Impasse à l'action collective contre Rent-A-Car

27 avril 2017

Dans l’affaire Vaugeois v. Budget Rent-A-Car of B.C. Ltd., la Cour d’appel de la Colombie-Britannique a confirmé le rejet d’une demande d’autorisation d’une action collective, tout en livrant de judicieux commentaires au sujet des facteurs propres à favoriser l’atteinte des objectifs de ce type de recours, à savoir l’accès à la justice, l’économie des ressources judiciaires et la modification des comportements.

Contexte et historique des procédures

Les défenderesses offrent des services de location de véhicules aux consommateurs en Colombie-Britannique. Le représentant des demandeurs alléguait que les défenderesses avaient conspiré pour facturer à tort (ou surfacturer) des frais de réparation de la carrosserie et des vitres de leurs véhicules. Le juge saisi de la demande d’autorisation de l’action collective a statué que les actes de procédure révélaient l’existence de trois causes d’action : complot civil, enrichissement injustifié et pratiques ou actes trompeurs en contravention à la Business Practices and Consumer Protection Act.

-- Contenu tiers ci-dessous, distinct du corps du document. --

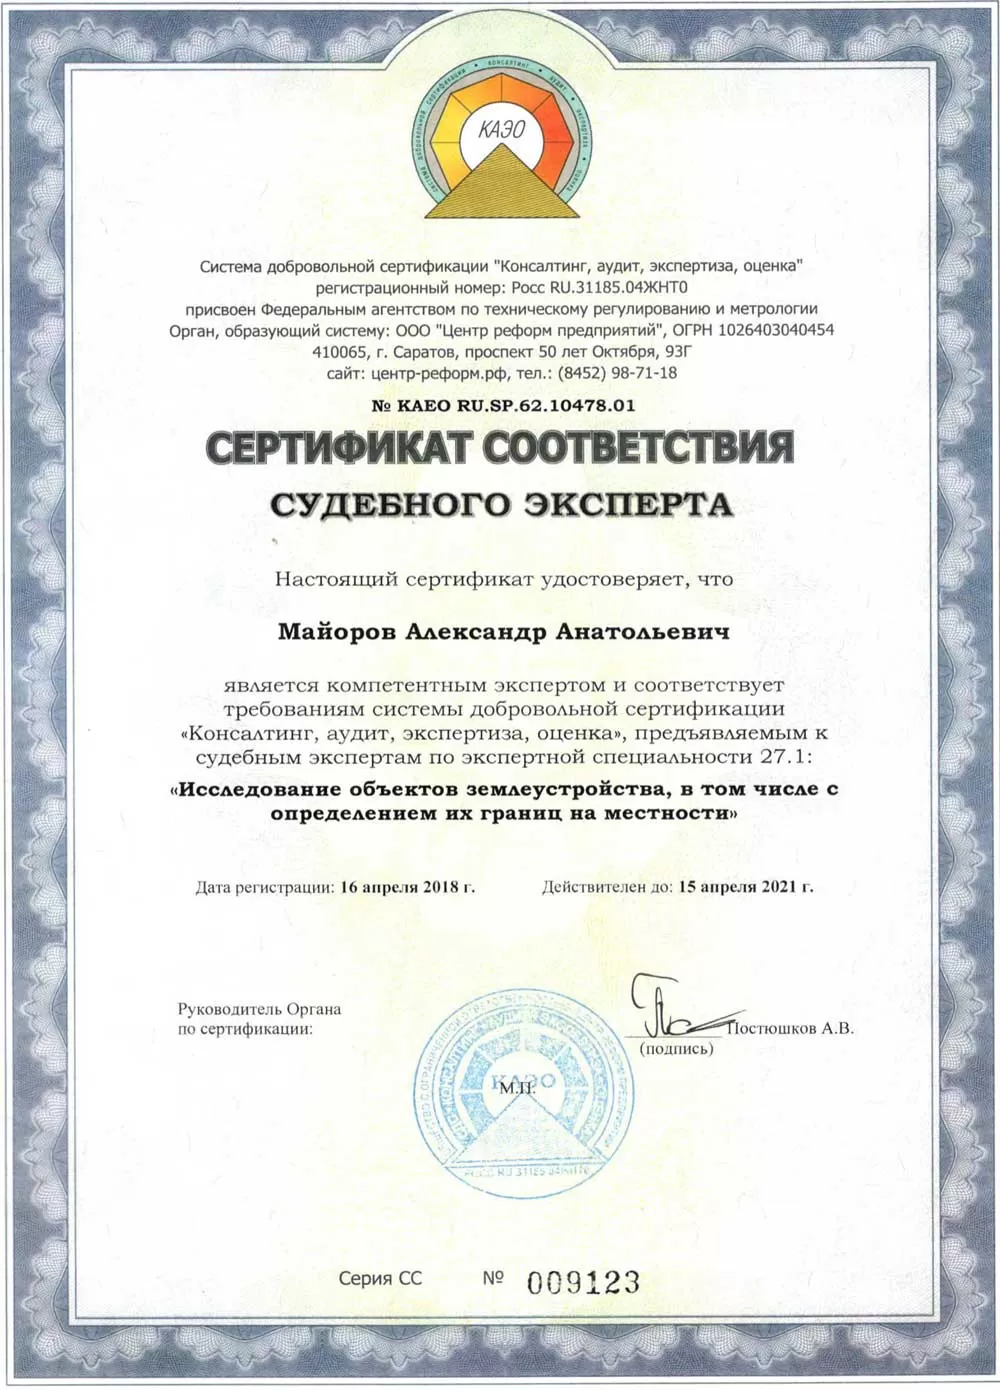  Сертификат судебного эксперта

Le juge saisi de la demande d’autorisation a rejetée celle-ci parce qu’elle ne satisfaisait pas au critère de préférabilité, du fait que les enjeux individuels l’emportaient très largement sur les enjeux collectifs et que, si l’action collective était autorisée, « l’économie des ressources judiciaires réalisée ne serait qu’un mirage. »

En appel, le demandeur a fait valoir que le juge de première instance avait erré dans son analyse des trois principaux objectifs de l’action collective, à savoir l’accès à la justice, l’économie des ressources judiciaires et la modification des comportements, et qu’une évaluation appropriée de ces trois facteurs amenait à conclure en faveur de l’autorisation du recours. 

Analyse

En premier lieu, la Cour a confirmé que l’action collective ne permettrait pas d’atteindre l’objectif de l’économie des ressources judiciaires parce que, « à l’issue du litige, quelle qu’elle soit, il ne sera en définitive pas statué sur les réclamations » (soulignement dans l’original). Selon la Cour, le caractère distinctif de l’affaire Vaugeois est que « le succès de l’action collective ne permettra pas de faire concrètement avancer la cause de l’un ou l’autre des demandeurs individuels, et son rejet ne permettra pas plus d’obtenir une décision sur les réclamations de l’un ou l’autre des membres du groupe ».

Deuxièmement, en se fondant principalement sur la conclusion du juge saisi de la demande d’autorisation selon laquelle des actions individuelles en responsabilité étaient « inévitables » et qu’une action collective « ne serait qu’un simple prélude à de nombreux procès individuels », la Cour a statué que l’objectif du critère d’accès à la justice ne serait pas atteint en l’espèce, et a également abondé dans le sens du juge de première instance en concluant qu’une action devant la Cour provinciale était une solution de rechange à une action collective tout à fait appropriée.

Troisièmement, la Cour a affirmé que le juge de première instance n’avait pas erré en se fondant sur la possibilité hypothétique que le directeur de l’autorité provinciale chargée de la protection des consommateurs (BPCPA) intente une action à l’encontre des défenderesses, même si rien ne permettait de conclure à l’imminence d’une telle action. La Cour a conclu qu’un juge saisi d’une demande d’autorisation d’une action collective « pouvait statuer en toute équité en prenant pour hypothèse que les agents du pouvoir législatif utiliseront les outils à leur disposition pour protéger les consommateurs et amener des changements de comportement au besoin. »

Points à retenir :

  • Économie des ressources judiciaires : Le fait qu’une action collective, quelle qu’en soit l’issue (c’est-à-dire que les demandeurs obtiennent gain de cause ou que l’action collective soit rejetée), ne permette pas d’aboutir à une décision au sujet des demandes doit être pris en considération pour évaluer si l’autorisation du recours est de nature à permettre d’atteindre l’objectif d’économie des ressources judiciaires.
  • Accès à la justice : Le caractère « inévitable » des actions en responsabilité distinctes peut porter un coup fatal à l’argument selon lequel une action collective favorise l’accès à la justice. Par ailleurs, la procédure des petites créances offerte par les cours provinciales peut être préférable pour le règlement des réclamations des membres du groupe, même si certaines formes de réparation ne peuvent être accordées que par la cour supérieure de la province (p. ex. l’injonction et les dommages-intérêts punitifs), et non pas par une cour provinciale.
  • Modification des comportements : Une action collective n’est pas toujours nécessaire pour amener des changements de comportement concrets. Les tribunaux sont habilités à statuer en prenant pour hypothèse que le gouvernement utilisera les outils légaux à sa disposition pour protéger les consommateurs et susciter des changements de comportement.